I have an ignore command so that it will wait when the user isn't finished speaking. Which it generally judges okay, unless it has 'null' in there.
The nice thing is that I have found most of the problems with the LLM response were just indications that I hadn't finished debugging my program because I had something missing or weird in the prompt I gave it.
Using a multi-billion tokens like GPT-4 for such a trivial classification task[1] is an insane overkill. And in an era where ChatGPT exists, and can in fact give you what you need to build a simpler classifier for the task, it shows how narrow minded most people are when AI is involved.

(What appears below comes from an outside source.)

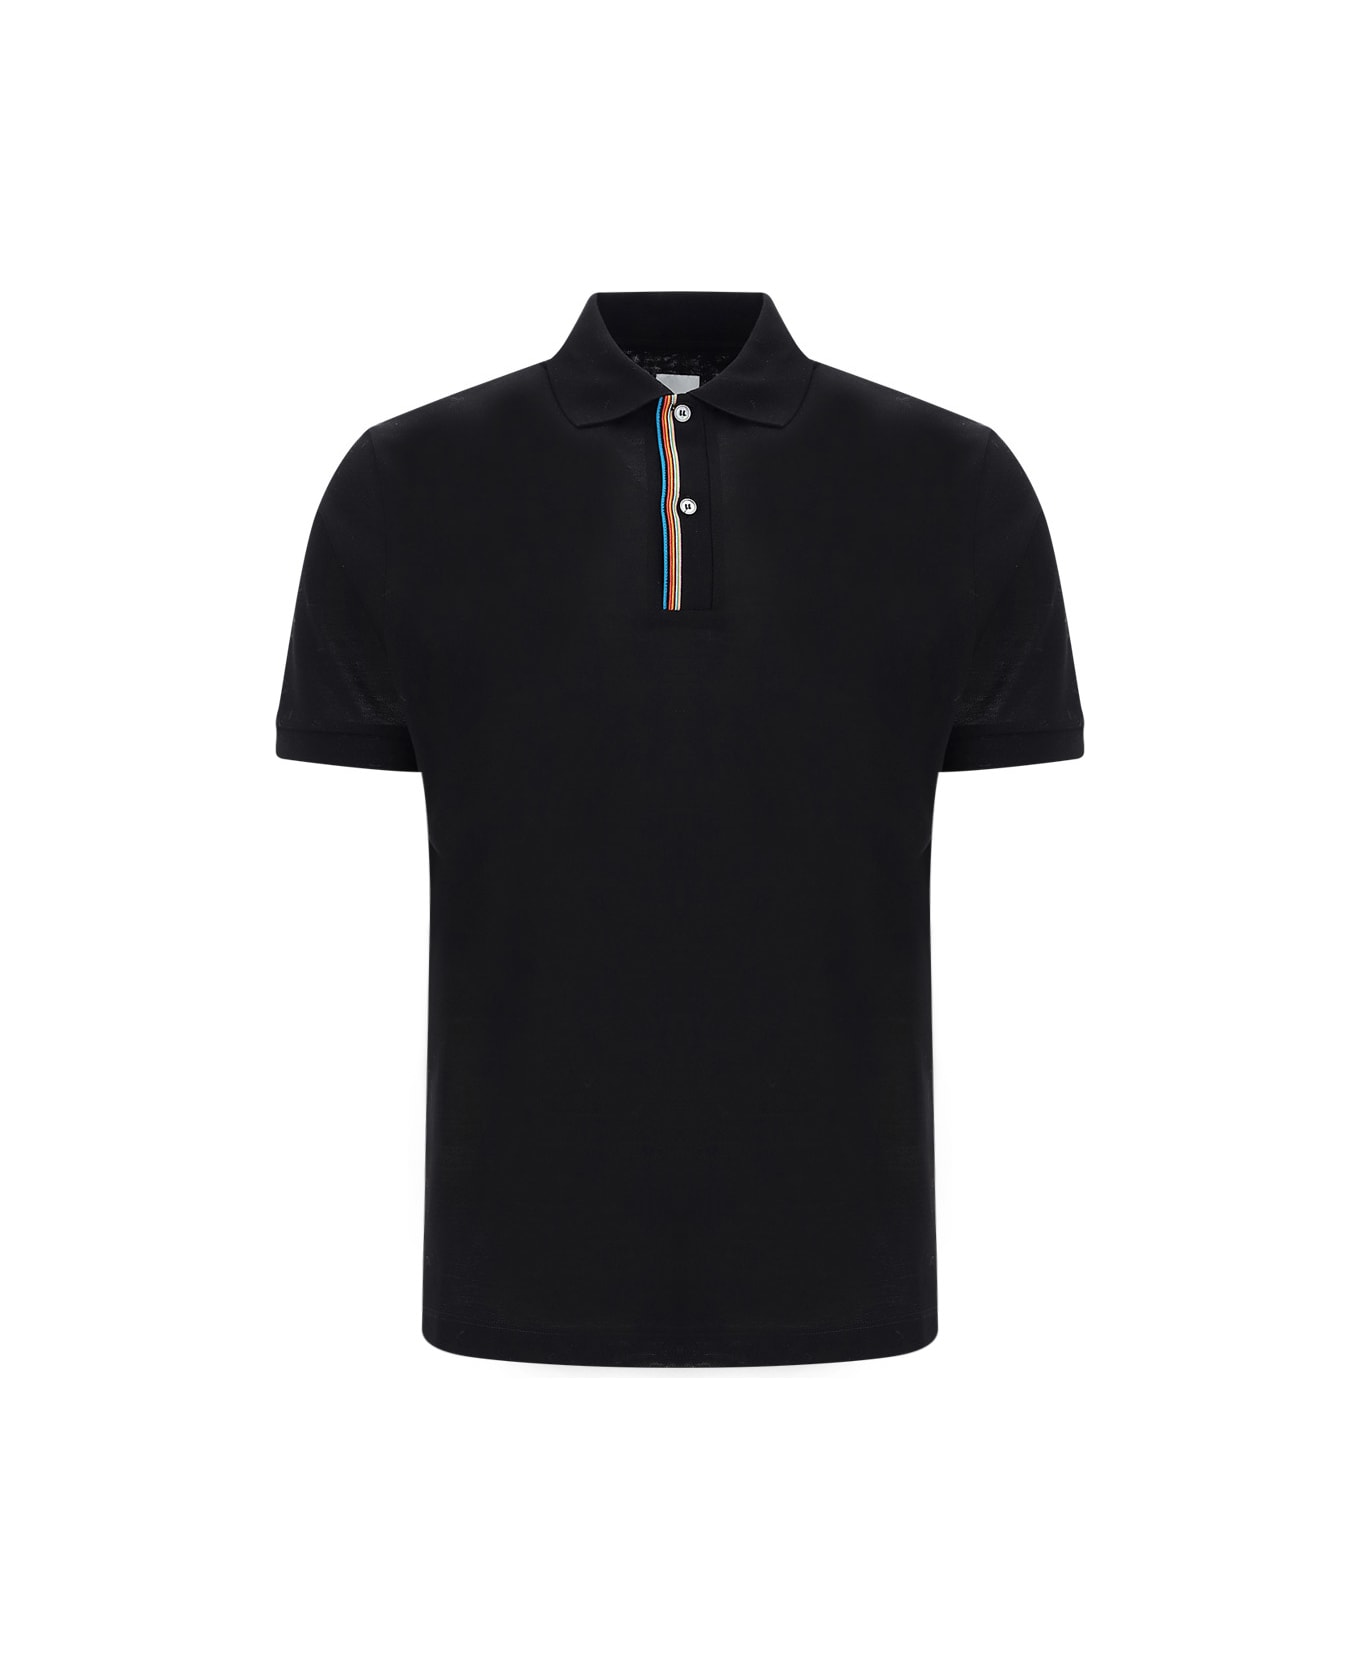 Paul Smith Gents Polo Shirt - Black
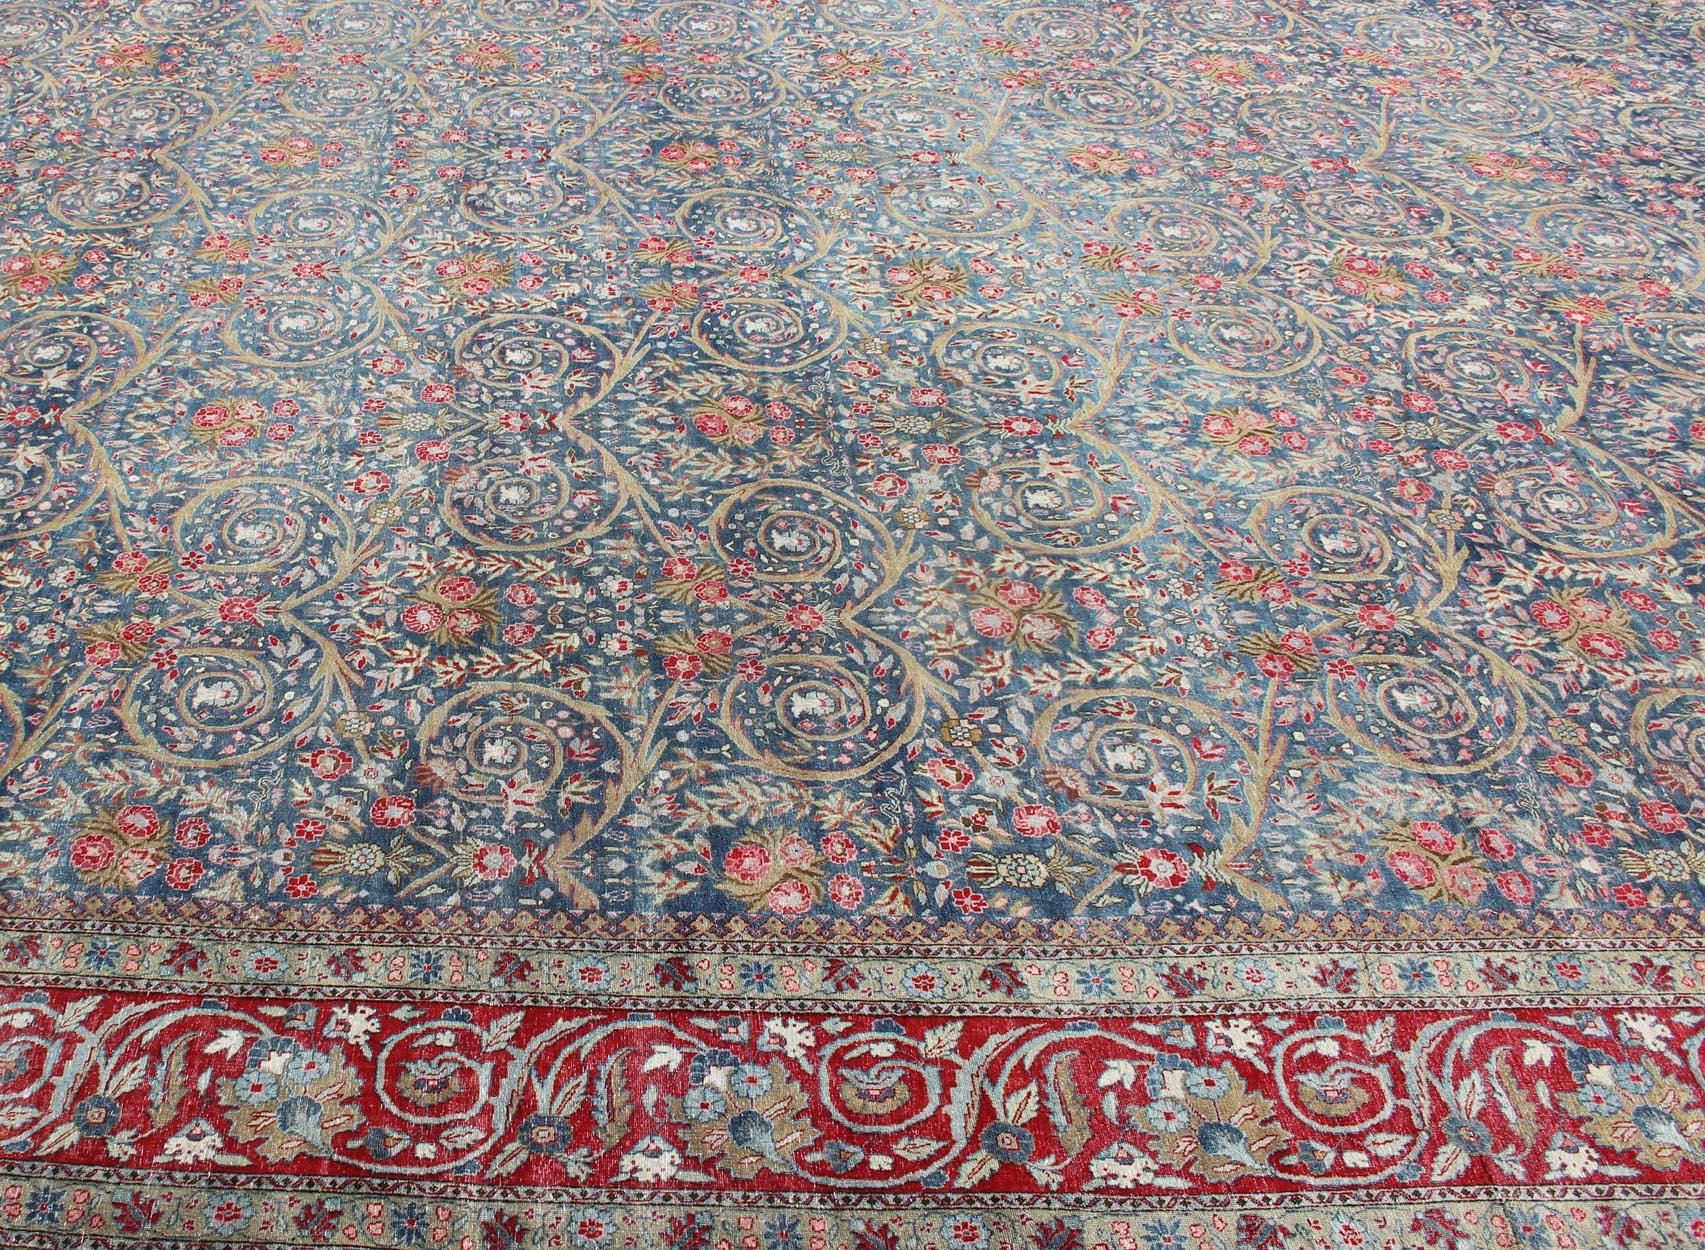 Large Antique Persian Tabriz Rug in Vine Scroll Design in Blue Background, Red For Sale 8

[1] to clarify, it's either trivial or impossible to do reliably depending on how fucked-up your input is
Langchain is the perfect example of premature abstraction. We started out thinking we had to use it because the internet said so. Instead, millions of tokens later, and probably 3-4 very diverse LLM features in production, and our openai_service file still has only one, 40-line function in it:
def extract_json(prompt, variable_length_input, number_retries)
The only API we use is chat. We always extract json. We don’t need JSON mode, or function calling, or assistants (though we do all that). Heck, we don’t even use system prompts (maybe we should…). When a gpt-4-turbo was released, we updated one string in the codebase.
This is the beauty of a powerful generalized model – less is more."
Well said!
Why? The null stuff would not be a problem if you did and if you're only dealing with JSON anyway I don't see why you wouldn't.